BF++: a language for general-purpose program synthesis
Vadim Liventsev, Aki H\"arm\"a, Milan Petkovi\'c

TL;DR
BF++ is a new programming language designed for automatic agent programming in POMDPs, enabling neural program synthesis to improve decision-making in reinforcement learning tasks, especially where expert knowledge integration is crucial.
Contribution
The paper introduces BF++, a novel language tailored for program synthesis in decision systems, bridging the gap between neural models and symbolic, expert-validated programs.
Findings
Successfully applied neural program synthesis to OpenAI Gym benchmarks.
Demonstrated improved incorporation of expert knowledge into decision models.

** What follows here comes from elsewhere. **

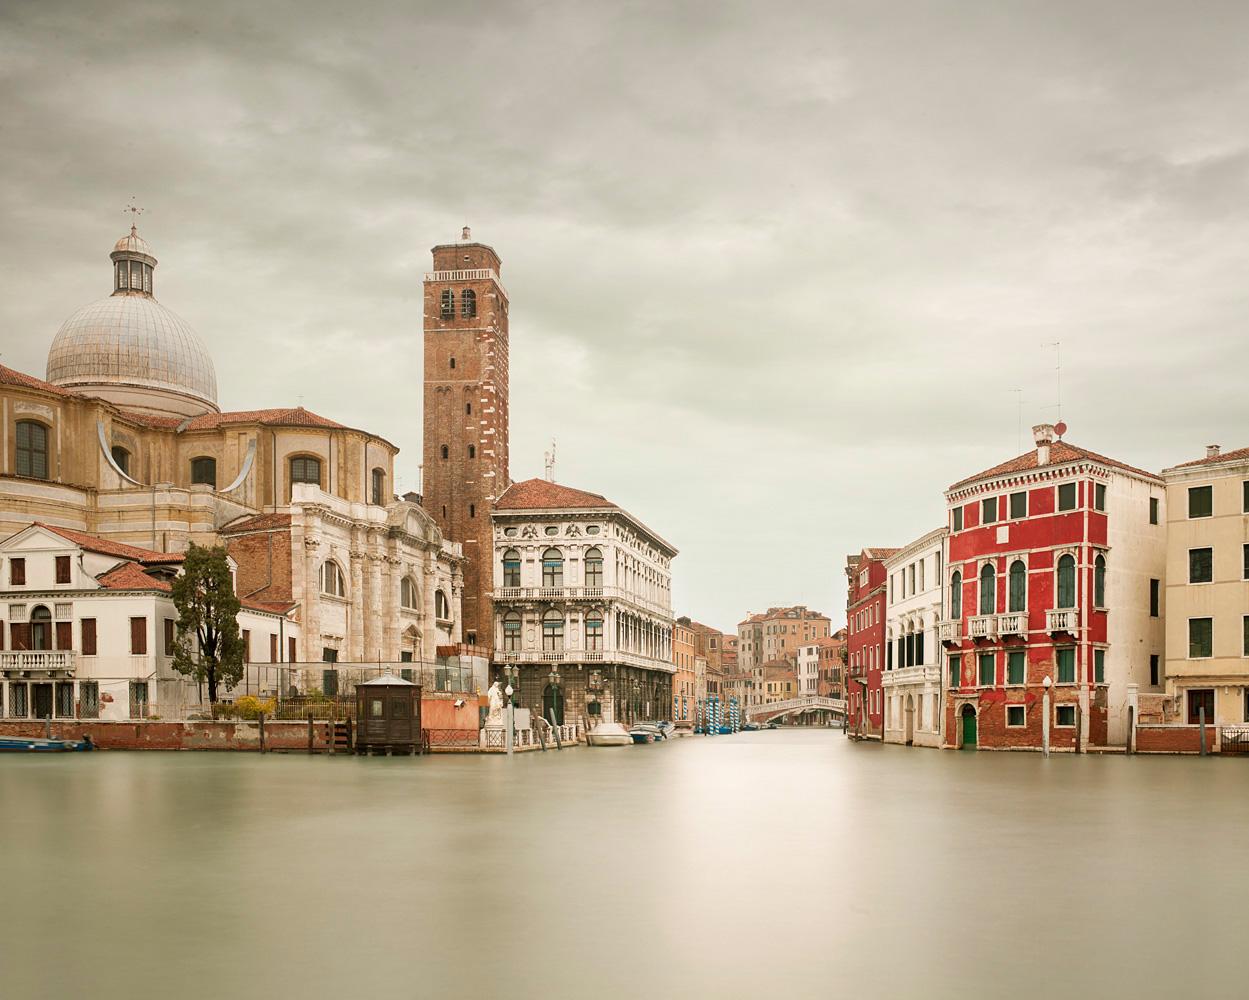 San Geremia, Palazzo Labia on the Grand Canal, Venice, 2012

Showed potential for more transparent and reviewable decision mechanisms.
Abstract
Most state of the art decision systems based on Reinforcement Learning (RL) are data-driven black-box neural models, where it is often difficult to incorporate expert knowledge into the models or let experts review and validate the learned decision mechanisms. Knowledge-insertion and model review are important requirements in many applications involving human health and safety. One way to bridge the gap between data and knowledge driven systems is program synthesis: replacing a neural network that outputs decisions with a symbolic program generated by a neural network or by means of genetic programming. We propose a new programming language, BF++, designed specifically for automatic programming of agents in a Partially Observable Markov Decision Process (POMDP) setting and apply neural program synthesis to solve standard OpenAI Gym benchmarks.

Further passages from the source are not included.